Deduction made by the applicant from employees for canteen services is not supply and ITC will be available for obligatory canteen services

Held by Hon’ble Authority of Advance Ruling, Gujarat

In the matter of

Kohler India Corporation Pvt Ltd. (GST AAR Gujarat) (GUI/GAAR/R/2024/03 dated 5th Jan, 2024)

The Kohler India Corporation Private Limited (“The Applicant ”) was mandatorily required to provide a canteen facility to the workers. The Applicant entered into a contract with Canteen service provider wherein invoice is raised by the CSP in the name of the applicant. Cost of CSP is borne by the applicant partially and the balance amount is recovered from the employees by way of deduction from salary. The amount is collected by the applicant from the employees without any commercial objective, i.e., without any profit markups. The question before Hon’ble AAR is Whether the subsidized deduction made by the applicant from the employees would be considered as ‘supply’ under CGST Act. Further, whether the applicant is entitled to claim ITC on invoice raised by the CSP.

Hon’ble AAR held as per Circular No. 172/04/2022-GST, it is clarified that perquisites provided by the ’employer’ to the ’employee’ in terms of contractual agreement entered into between the employer and the employee, will not be subjected to GST when the same are provided in terms of the contract between the employer and employee. Therefore, deduction made by the applicant from the employees would not be considered as a ‘supply” under the CGST Act. Further, canteen facilities are obligatorily to be provided under the Factories Act, 1948. Therefore, ITC on GST charged by the CSP will be restricted to the extent of cost borne by the appellant only. 

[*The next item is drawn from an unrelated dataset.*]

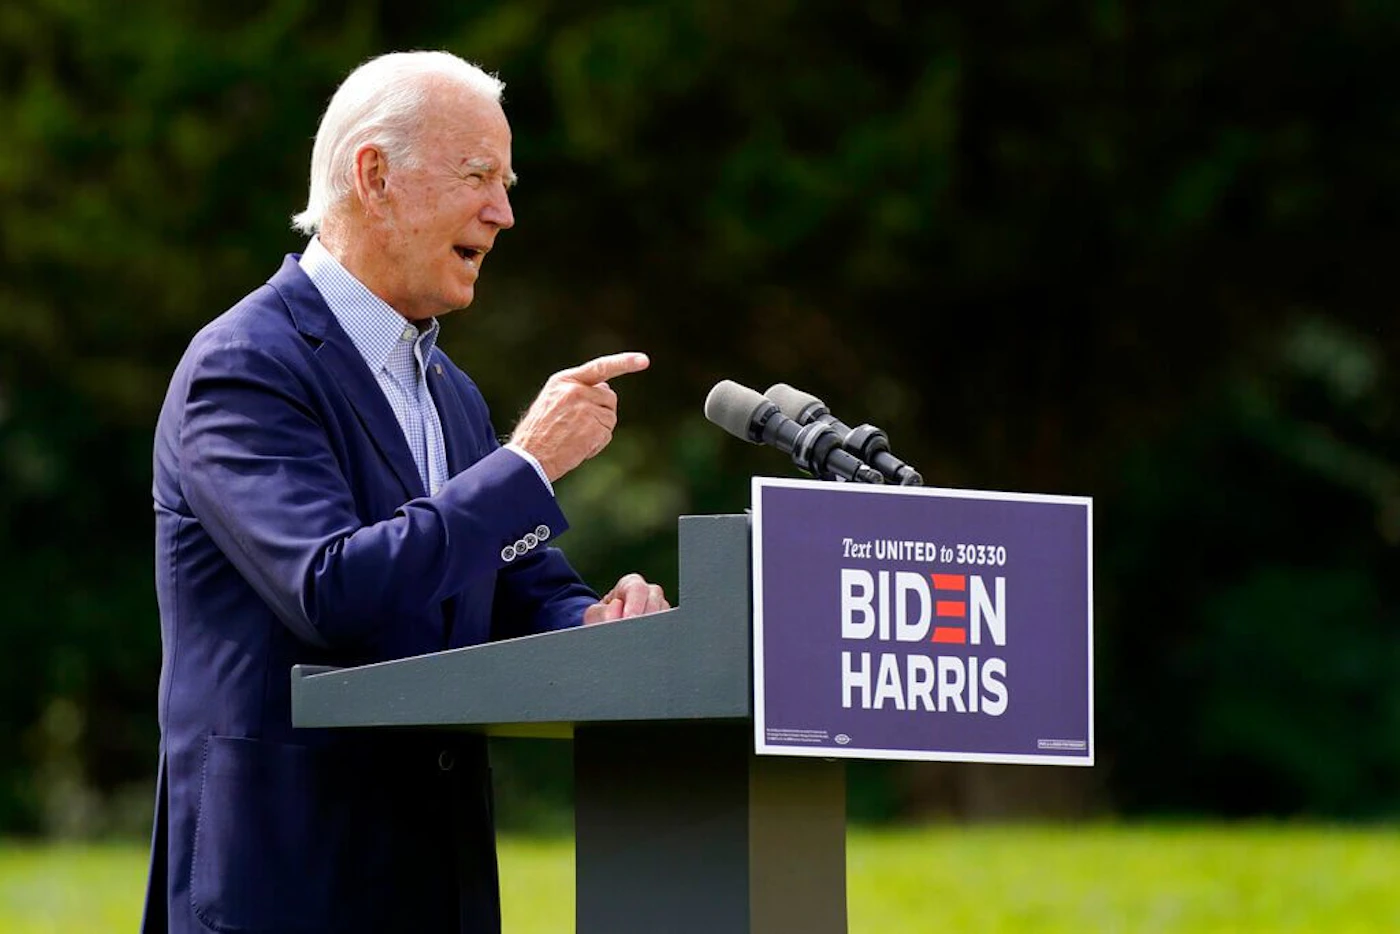 Democratic presidential candidate and former Vice President Joe Biden speaks about climate change and wildfires affecting western states, Monday, Sept. 14, 2020, in Wilmington, Del. (AP Photo/Patrick Semansky)
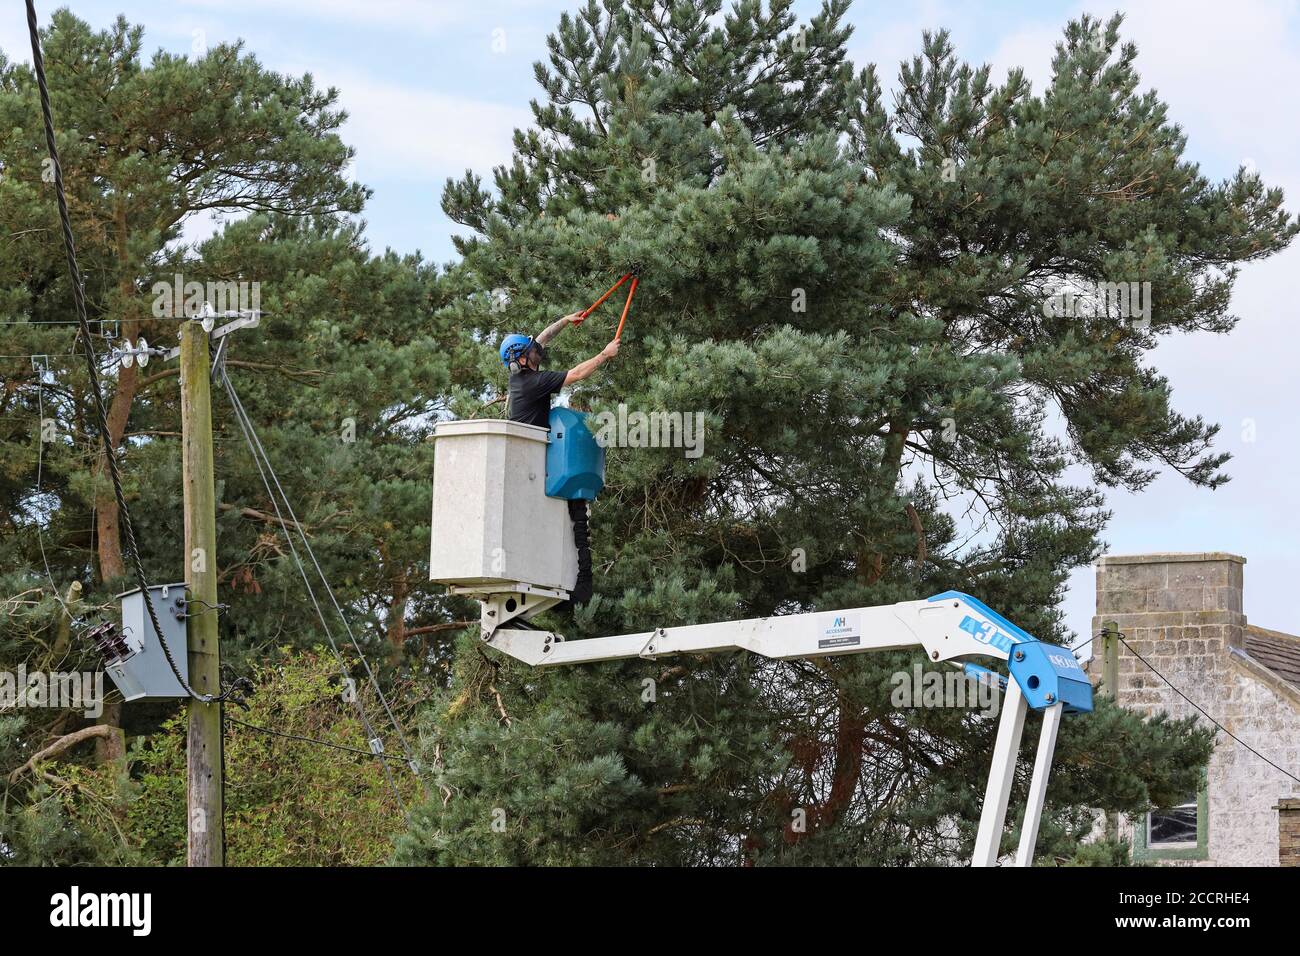 Amey worker carrying out vegetation management for Northern Power Grid on trees surrounding power lines, County Durham, UK Stock Photo

1. Brief facts of the Case

  • M/s Kohler India Corporation Private Limited (“The Applicant”) is engaged in the manufacturing of plumbing products for kitchen & bathrooms. 
  • As per the Factories Act, 1948, the applicant is mandatorily required to provide canteen facilities to its workers.
  • To comply with this requirement, the applicant entered into a contract with a canteen service provider (‘CSP’) to provide canteen facilities to their workers at their factory premises.
  • The CSP raises the invoice on the applicant for canteen charges alongwith GST. The invoice is raised based on the number of employees who avail the canteen facility.
  • Canteen charges are partially paid by the applicant and remaining part is recovered from the employees by way of deduction from salaries.
  • The amount is collected by the applicant without any commercial objective, i.e., without any profit markups. 
  • The applicant records the canteen invoice as an expense in a profit and loss account. The amount collected by the applicant from its employees is reduced from the canteen expense.
  • The applicant states that GST should not be applicable on the amount representing the employee’s portion of canteen.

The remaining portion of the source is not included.